Straßenpreise 2026: Alle RTX-5000-Karten kosten in Deutschland 20–65 % mehr als der US-MSRP. Ursache sind GDDR7-Lieferengpässe und Kapazitätsdruck bei TSMC. Planungsbudgets immer mit aktuellen Geizhals-Preisen abgleichen, nicht mit MSRP-Angaben.

Budget-Entscheidungsrahmen: Welche GPU für welches Ziel

Der VRAM-Ausbau ist für reine KI-Workloads wichtiger als Bandbreite oder Rechenleistung. Hier die ehrliche Einordnung nach Budget:

Bis 700 EUR: RTX 5060 Ti 16 GB – der beste Einstieg

Die RTX 5060 Ti 16 GB (MSRP 429 USD, Straßenpreis ca. 539–650 EUR) ist der klare Gewinner für KI-Einsteiger. Mit 16 GB VRAM laufen Modelle wie Qwen3 14B oder DeepSeek-R1 14B bei Q4_K_M zuverlässig – eine Modellklasse, die für professionelle Schreib-, Code- und Analyseaufgaben bereits sehr leistungsfähig ist. Achte unbedingt auf die 16-GB-Variante – die 8-GB-Variante der RTX 5060 Ti (MSRP 379 USD) ist für KI kaum besser als die günstigere RTX 5060 und damit eine schlechte Investition.

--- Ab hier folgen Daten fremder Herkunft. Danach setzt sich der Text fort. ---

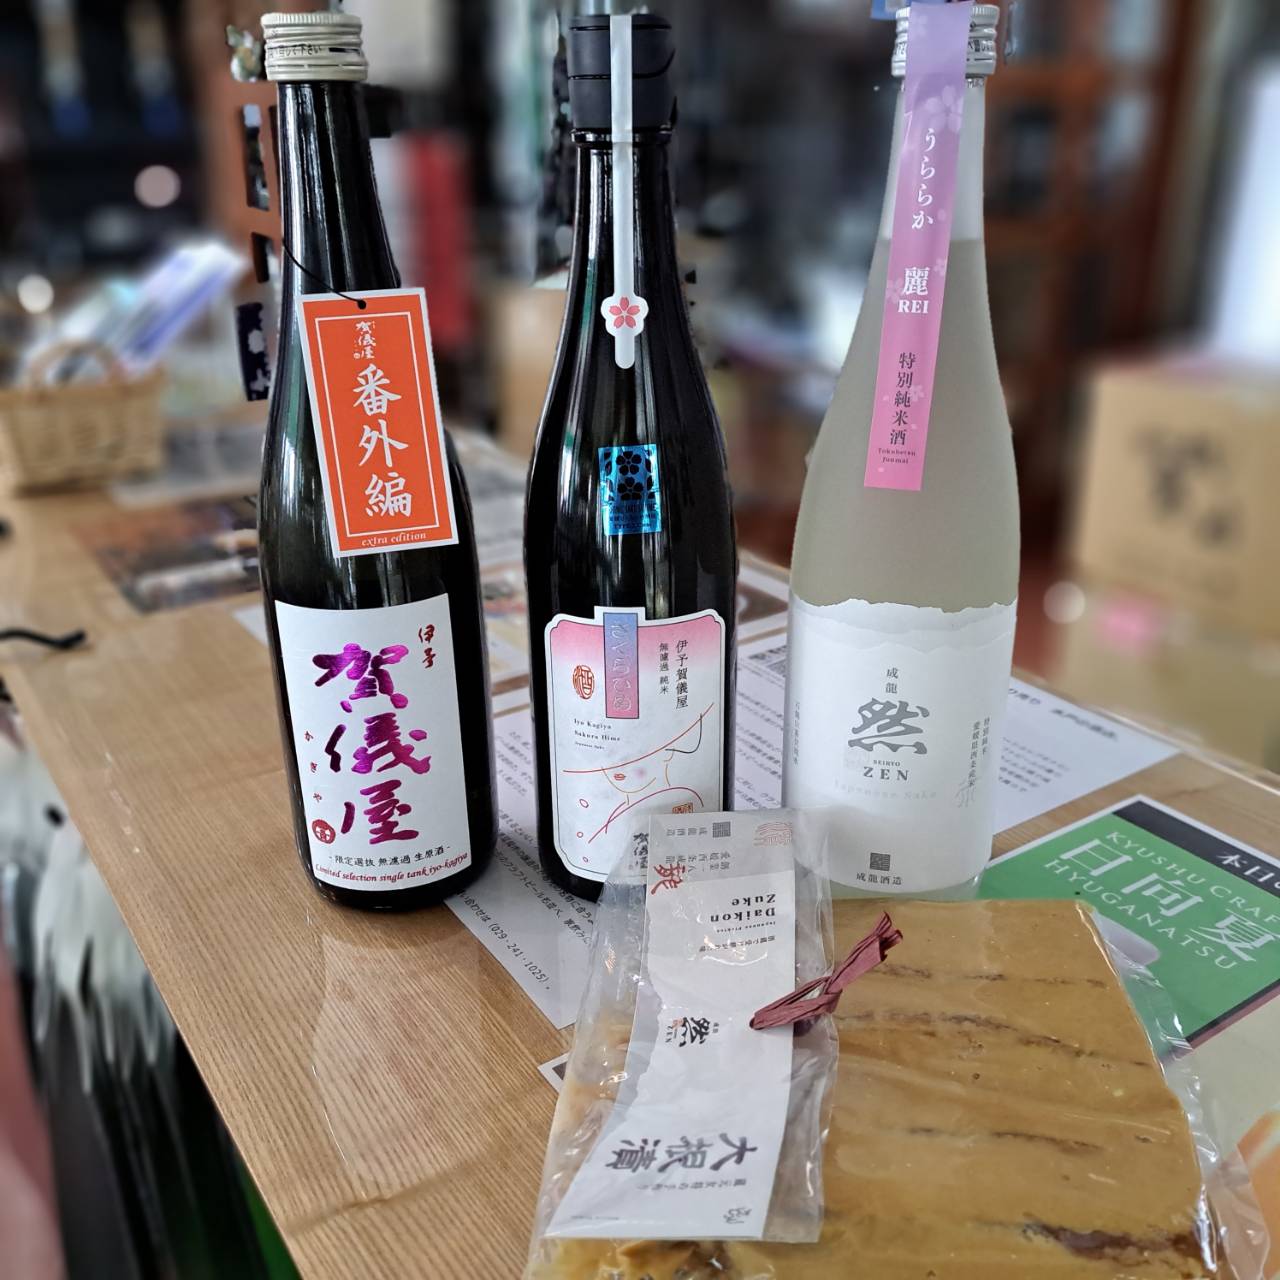 『愛媛県の伊予賀儀屋さんから、春の限定酒と女将の手作り漬物が入荷しました』

700–1.200 EUR: RTX 5070 Ti 16 GB – der Sweet Spot für ernsthafte KI

Die RTX 5070 Ti 16 GB (MSRP 749 USD, Straßenpreis ca. 900–1.100 EUR) bietet gegenüber der 5060 Ti 16 GB eine deutlich höhere Speicherbandbreite (960 GB/s vs. 672 GB/s), was bei langen Kontexten zu spürbaren Token-pro-Sekunde-Gewinnen führt. Der VRAM-Ausbau ist identisch, die Bandbreite ist aber ein echter Vorteil bei intensiveren Workflows. Für 27B-Modelle mit Offloading ist die 5070 Ti ebenfalls geeignet.

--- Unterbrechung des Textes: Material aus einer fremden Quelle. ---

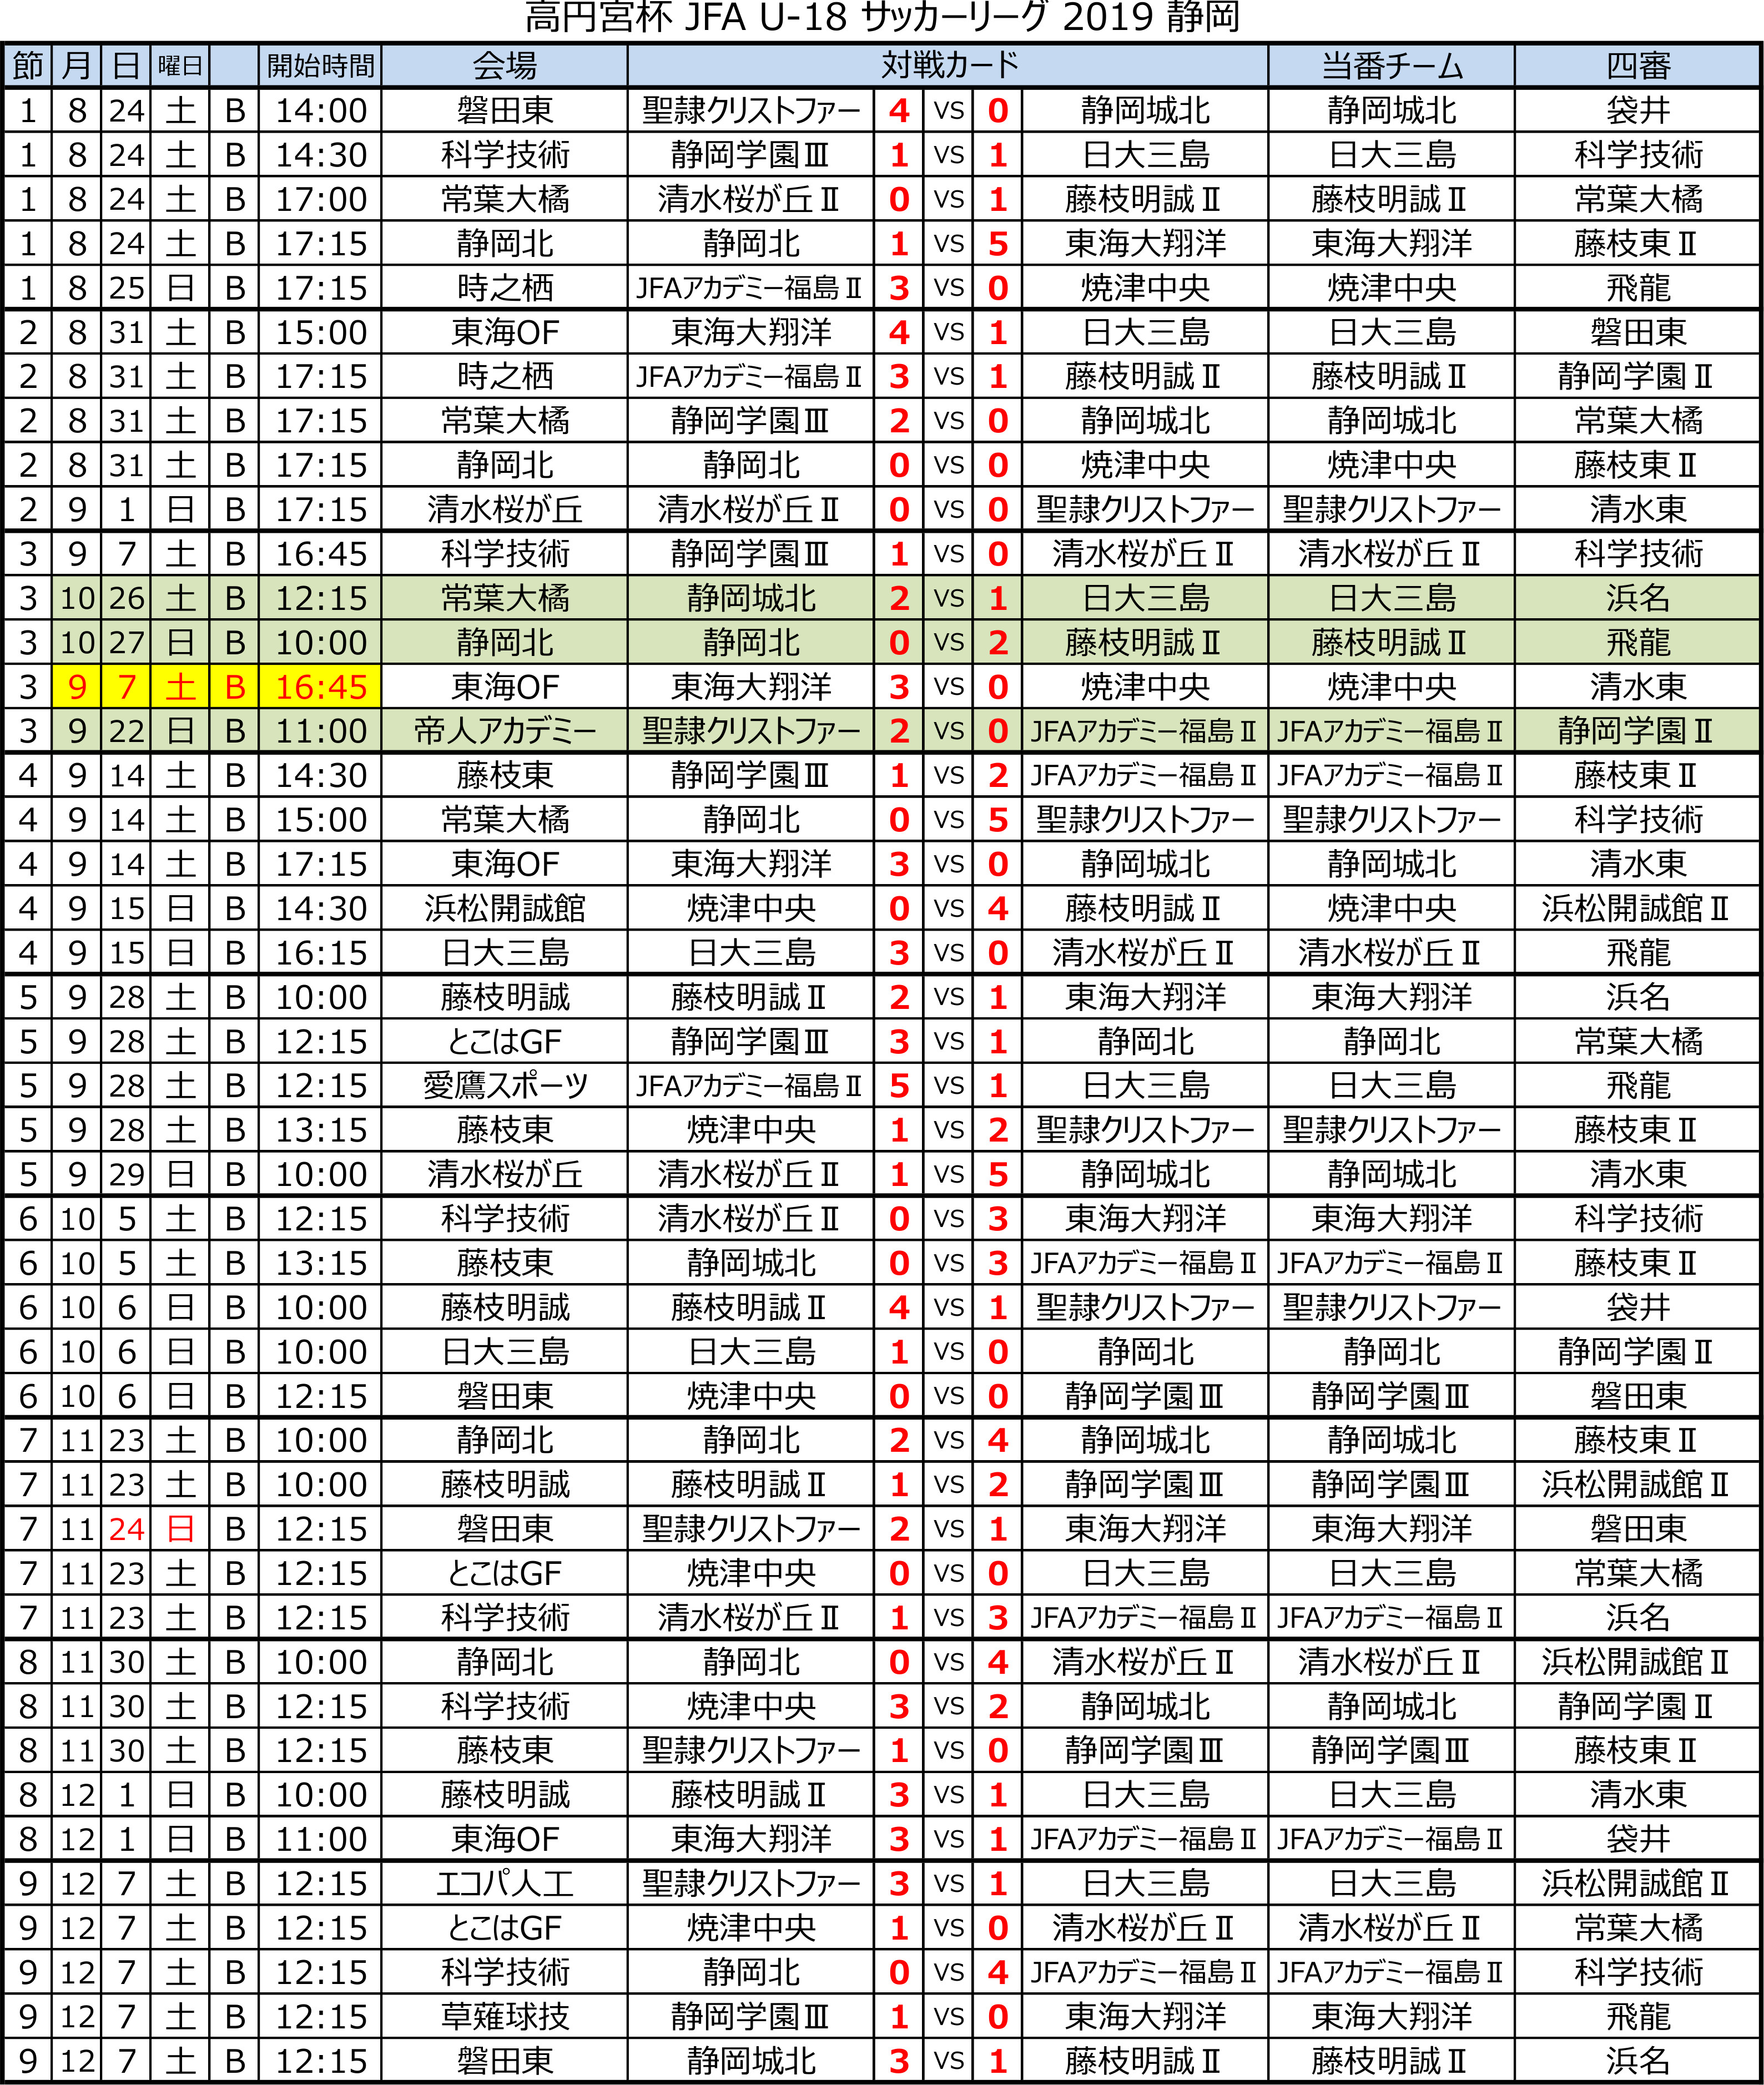 高円宮杯 JFA U-18サッカーリーグ2019 静岡 　Bリーグ後期 トーナメント表

RTX 5070 12 GB vs. RTX 5060 Ti 16 GB: Für reine KI-Workloads ist 16 GB VRAM wichtiger als die höhere Bandbreite der RTX 5070. Die RTX 5060 Ti 16 GB ist die bessere KI-Wahl, auch wenn die RTX 5070 für Spielen insgesamt stärker ist.

Finger weg für KI: RTX 5080 16 GB

Die RTX 5080 (MSRP 999 USD, Straßenpreis ca. 1.350–1.400 EUR) ist für reine KI-Workloads ein schlechtes Preis-Leistungs-Verhältnis. Sie hat identische 16 GB VRAM wie die RTX 5070 Ti, kostet aber 250–300 EUR mehr. Die höhere Bandbreite (1.792 GB/s) hilft bei Spielen und Rendering, bringt bei lokalen LLMs aber nur marginale Token-Speed-Vorteile ohne VRAM-Mehrwert.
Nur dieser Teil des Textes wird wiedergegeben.